Утром была отвальная, после которой Симеон с трудом влез на коня. Однако все просьбы повременить решительно отверг. Упившиеся кмети нехотя седлали и торочили коней. Скликая отставших, провозились часа полтора, и Симеон уже начинал гневать не на шутку, пока, наконец, весь поезд был собран и потянул на рысях, пыля, по московской дороге. Деревни теперь пошли знакомые, почитай свои – ближних бояринов московских, – и хлеба, и сена свои, и тучный скот, и убранные поля радовали как свое, кровное, и уже охватывало и долило нетерпение: своя б воля, помчал впереди всех, загоняя сменных коней!
Остановили глубокою ночью, в ямском селе на Пахре. Спали на попонах, и это ближе пришло к сердцу, чем давешняя коломенская гульба. В яме последний раз сменили коней и к полудню другого дня въезжали в Москву.
Город завиделся издалека, с луговой стороны, и какой же показался маленький! На миг – только на миг – стало страшно: ему ли с его игрушечной деревянной крепостцой спорить с Литвою и ханом, собирать Русь под руку свою и мечтать об одолении векового врага? Впрочем, лишь на миг. Дорога уже тут, за Даниловом, огустела народом. Город был многолюден, и это чуялось по радостному толплению встречающих.

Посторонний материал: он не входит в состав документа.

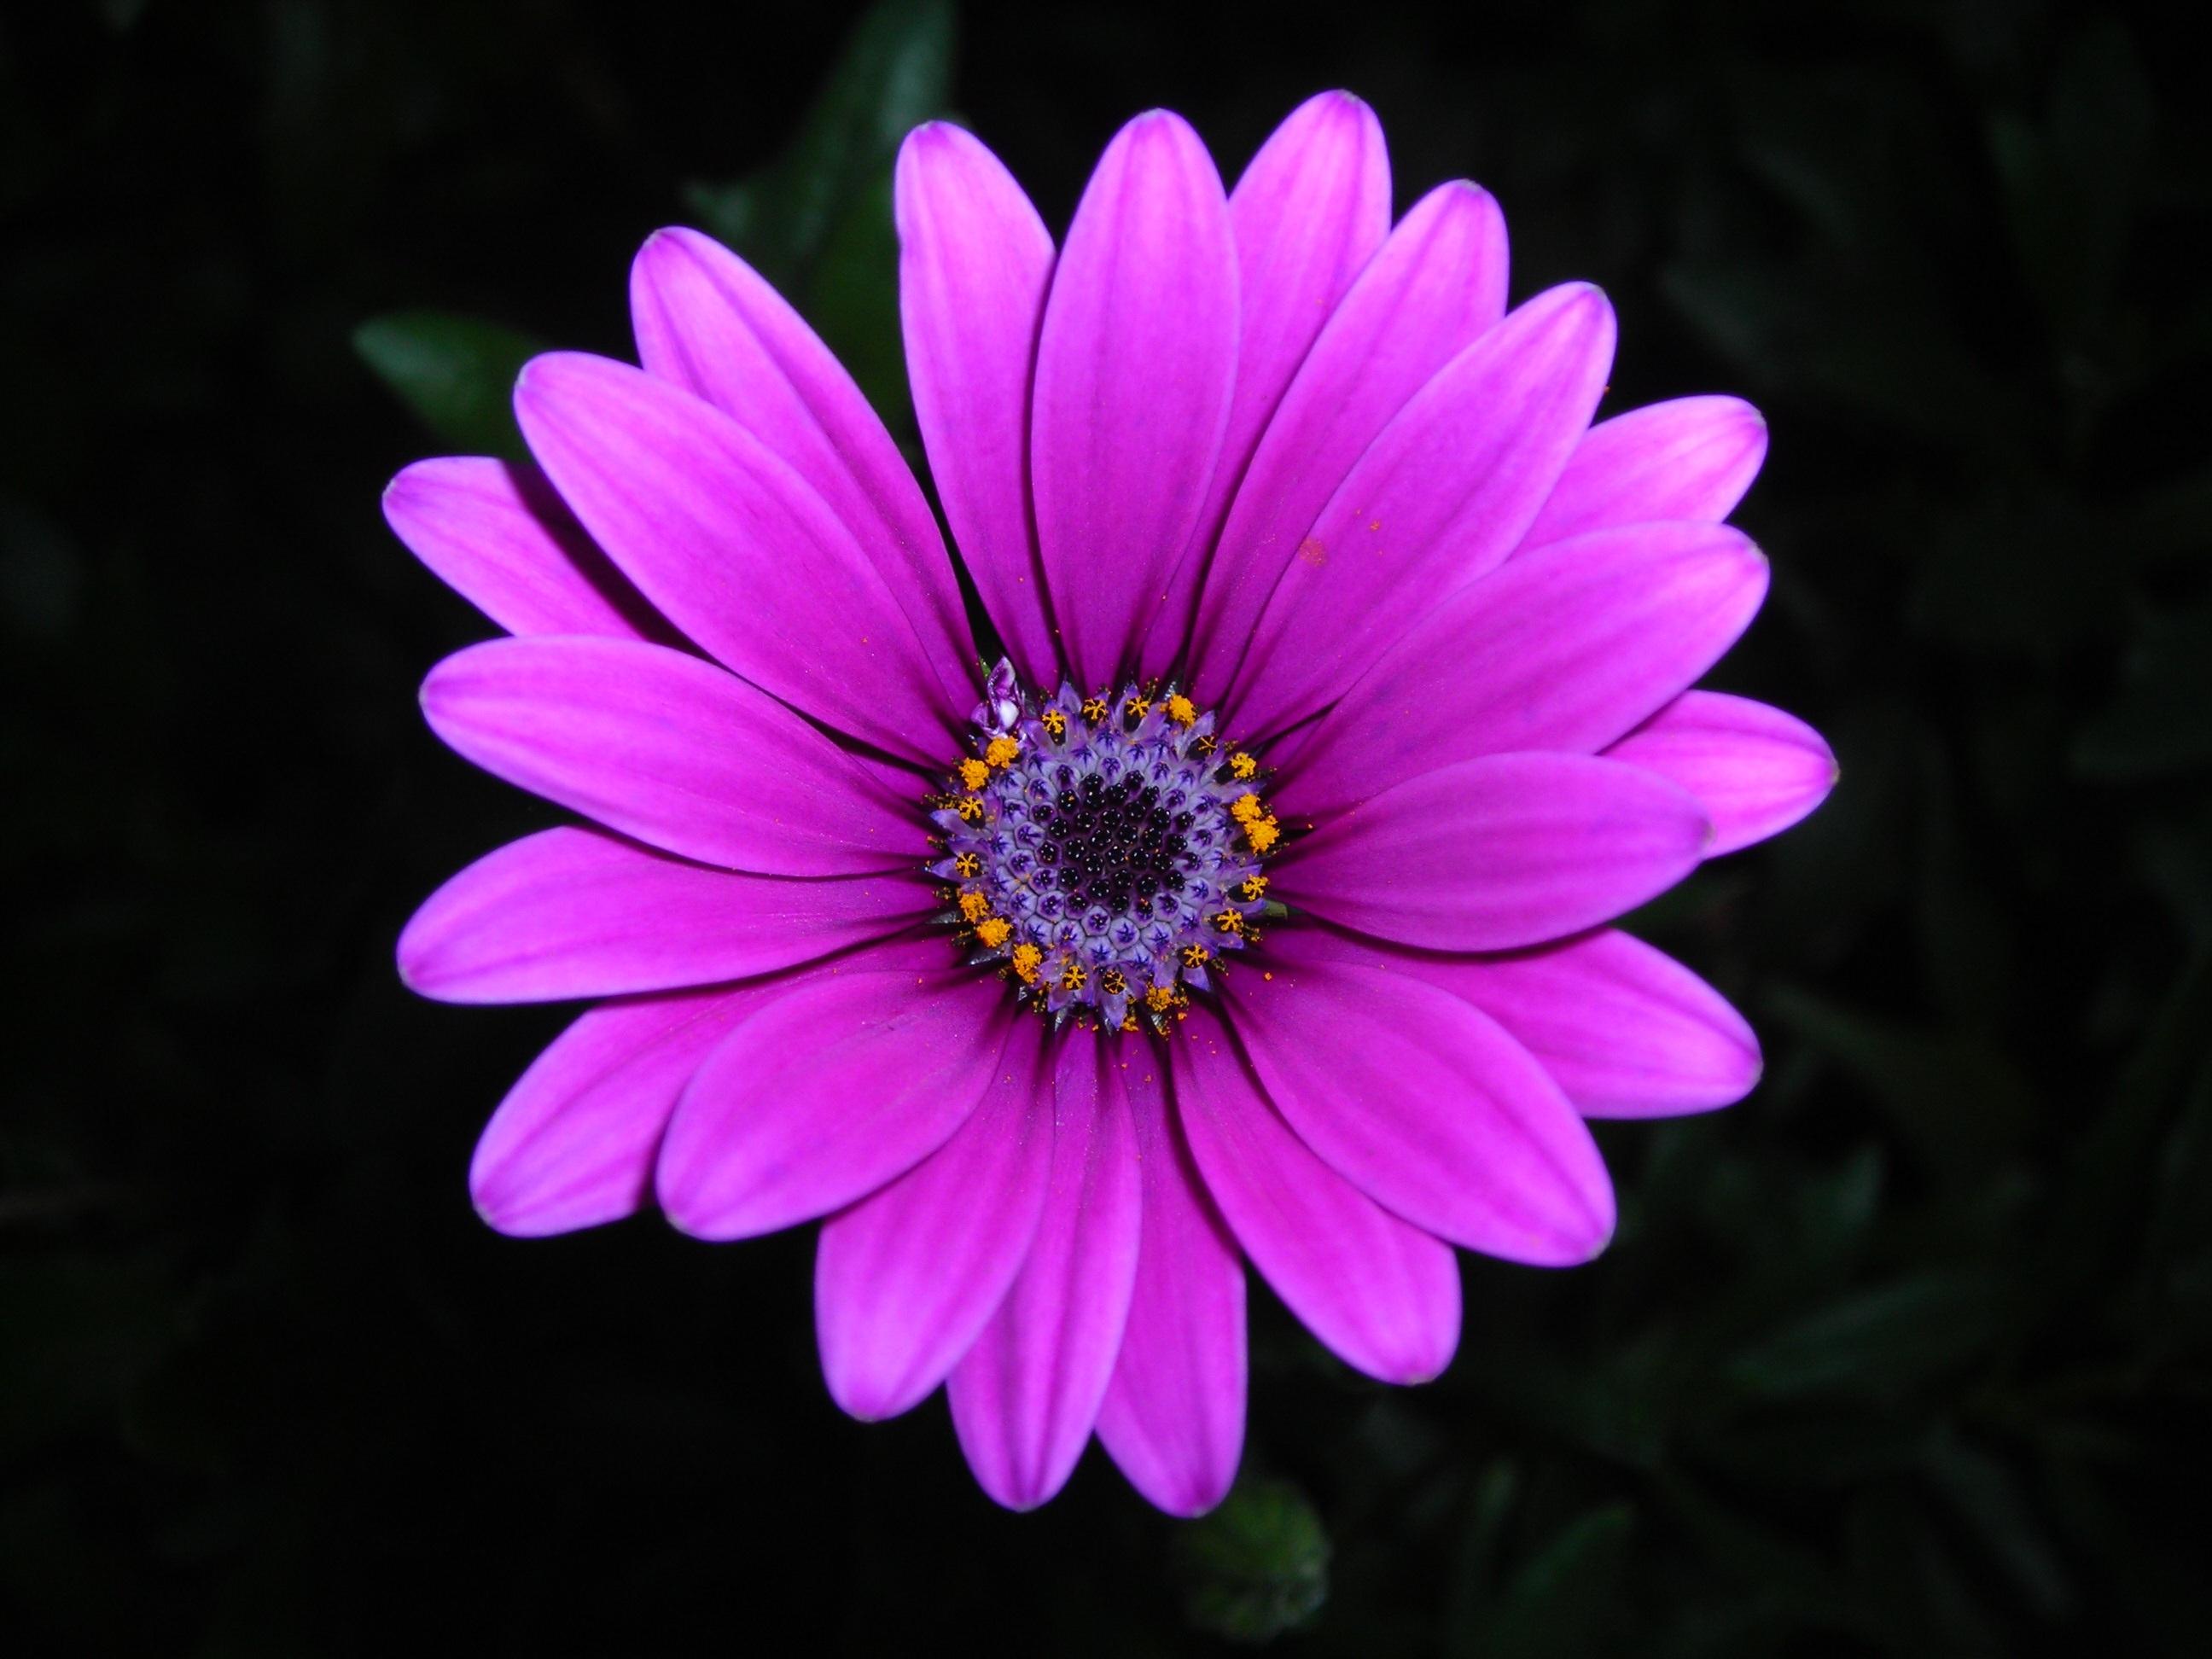 Free Images Blossom Flower Purple Petal Pink Flora Close Up
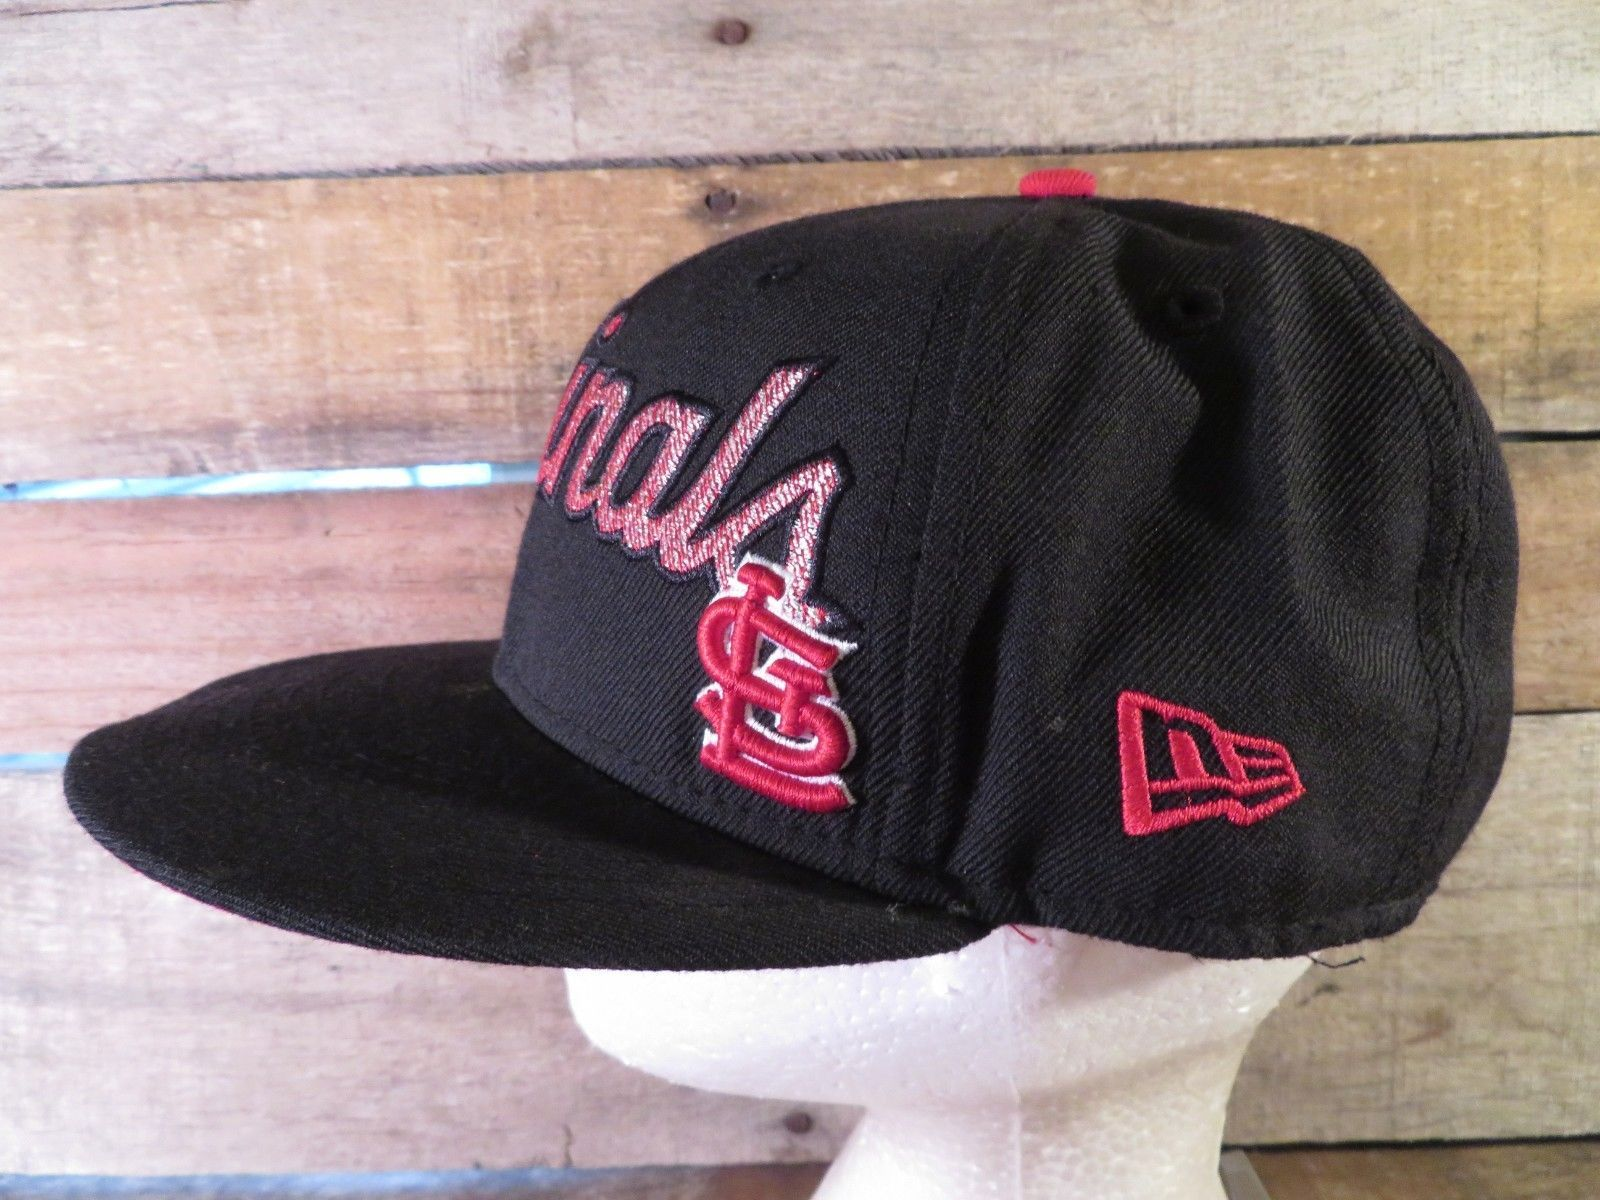 St Louis Cardinals Baseball New Era Aderente Misura 7 1/8 Adulto Cappello

Ему махали, кричали, подносили хлеб-соль. Он спешивался, целовал крест та принимал благословение и, вновь вдев ногу в стремя, легко (сказывалась ордынская выучка!) взмывал на коня и ехал шагом, хотя хотелось – в опор, хотелось не видеть никого, хотелось крикнуть: «Погодите! Я человек! Муж и отец, а не токмо великий князь!» Нельзя. Князя приветствует духовенство в золоте риз. Лица Феогноста и Алексия праздничны. Алексий, благословляя его в свой черед, склочил лобастую голову с клиновидной бородкою, глянул островато (впереди келейное и прилюдное поздравление Алексия с наместничеством, наконец-то высочайше утвержденным цареградской патриархией). Во взгляде, темно-прозрачном и глубоком, проблеснула сдержанная, запрятанная в тайная тайных усмешка сочувственного понимания. У Симеона отеплело на душе. Словно бы этого вот только и не хватало – мудрого, чуть усмешливого ободрения. И еще отеплело на душе, когда, наконец, узрел Василия Вельяминова, что, в сопровождении двух сынов, встречал своего князя за Даниловым монастырем.
А колокола все били и били, и толпа поминутно заливала путь: охально лезли под самые копыта узреть, потрогать, заглянуть в очи – словно родился наново, словно не зрели никогда! «Домой хочу! Неужто не понимают?!» Но опять хлеб-соль, теперь встречают купцы московские. Опять надобно слезать, улыбаться, брать и передавать круглый каравай на серебряном блюде, покрытом тканым рушником…
– Здрав буди, княже! Соскучал, поди, по дому в Орде-то? Жонка-ти ждет, Настасья твоя! – кричали купцы. Улыбались участливо – гневать никак нельзя было и на них…
Наконец-то мост! Глухо бьют копыта в деревянный настил, толпа, валом валя вслед за князем, качает и подтапливает лодьи, на которые уложен наплавной мост. Кто-то из ратных, оступясь, падает в воду, и его тут же, в десяток рук, со смехом и криками, мокрого, достают из реки. На берегу, у Кремника, под народом не видно земли. Толпа запевает «славу». А он вдруг пугается невесть чего: как его встретят дома? Ждут ли его?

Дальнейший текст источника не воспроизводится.